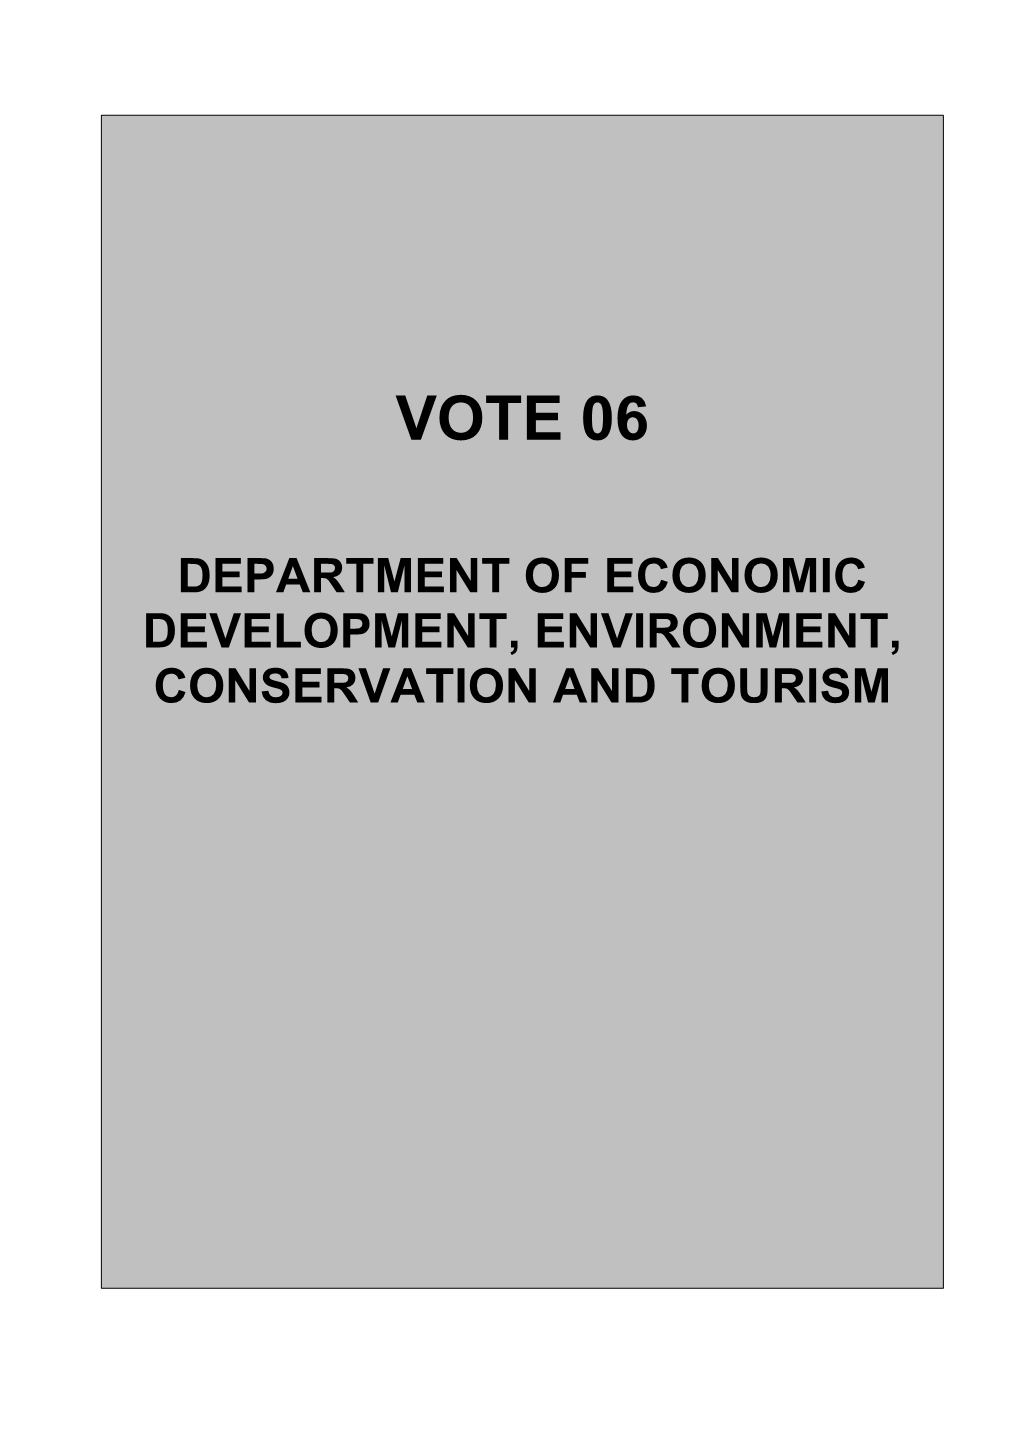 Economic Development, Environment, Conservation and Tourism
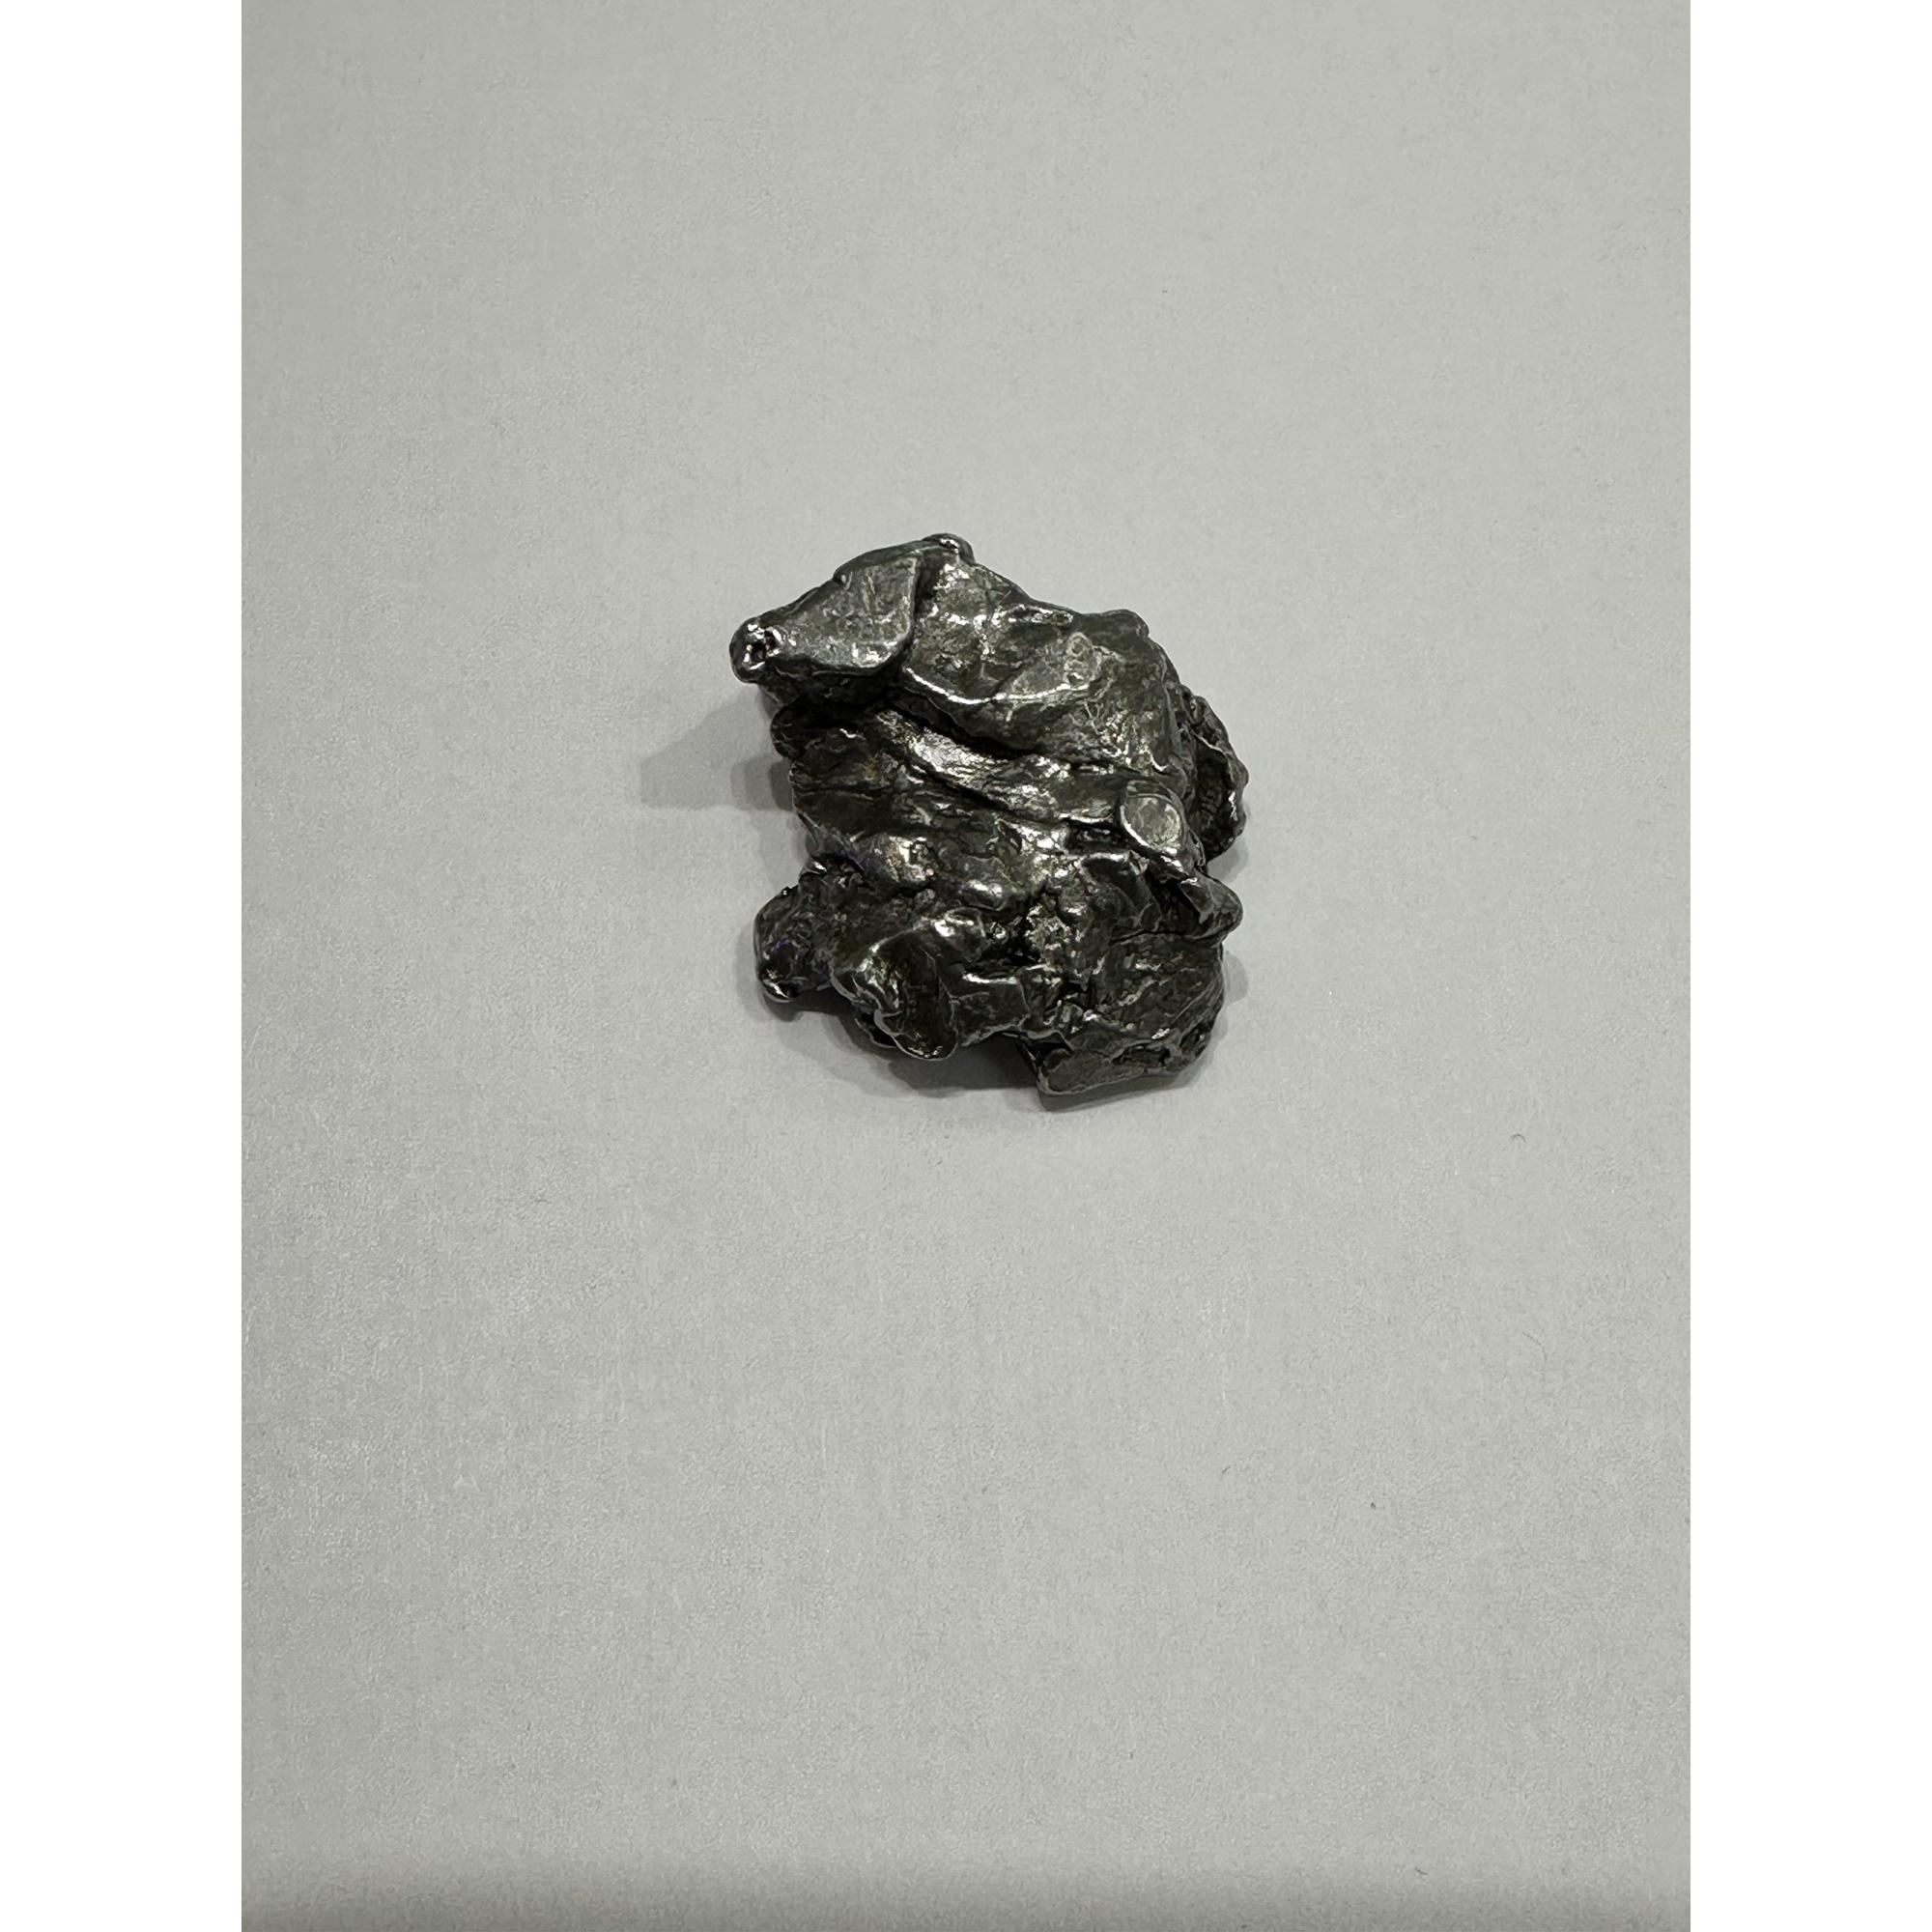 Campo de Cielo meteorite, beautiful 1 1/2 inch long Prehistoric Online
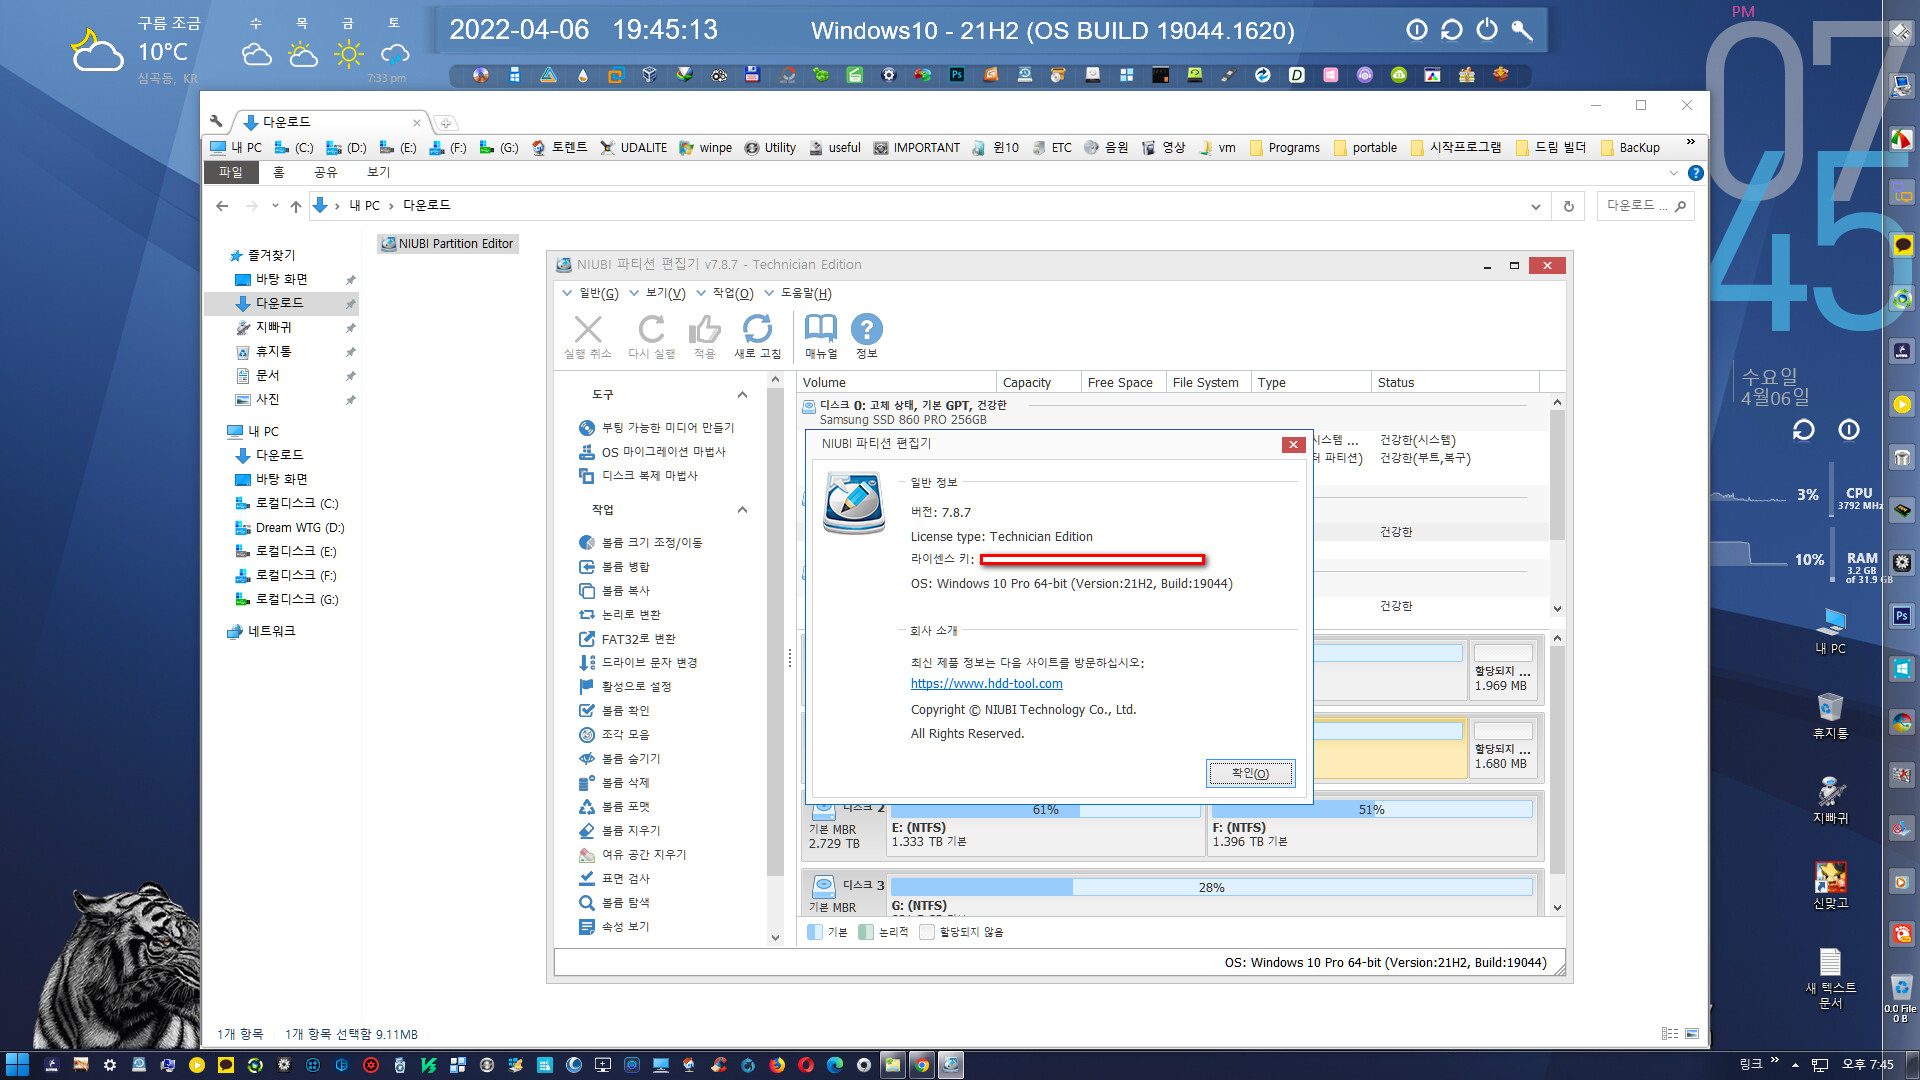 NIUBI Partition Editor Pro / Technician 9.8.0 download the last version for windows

************

-- What the task asks --
Set out the material once more, exact in every line, with no images.

-- Written response --
 Economic Development, Environment, Conservation and Tourism
 Campo de Cielo meteorite, beautiful 1 1/2 inch long Prehistoric Online
 NIUBI Partition Editor Pro / Technician 9.8.0 download the last version for windows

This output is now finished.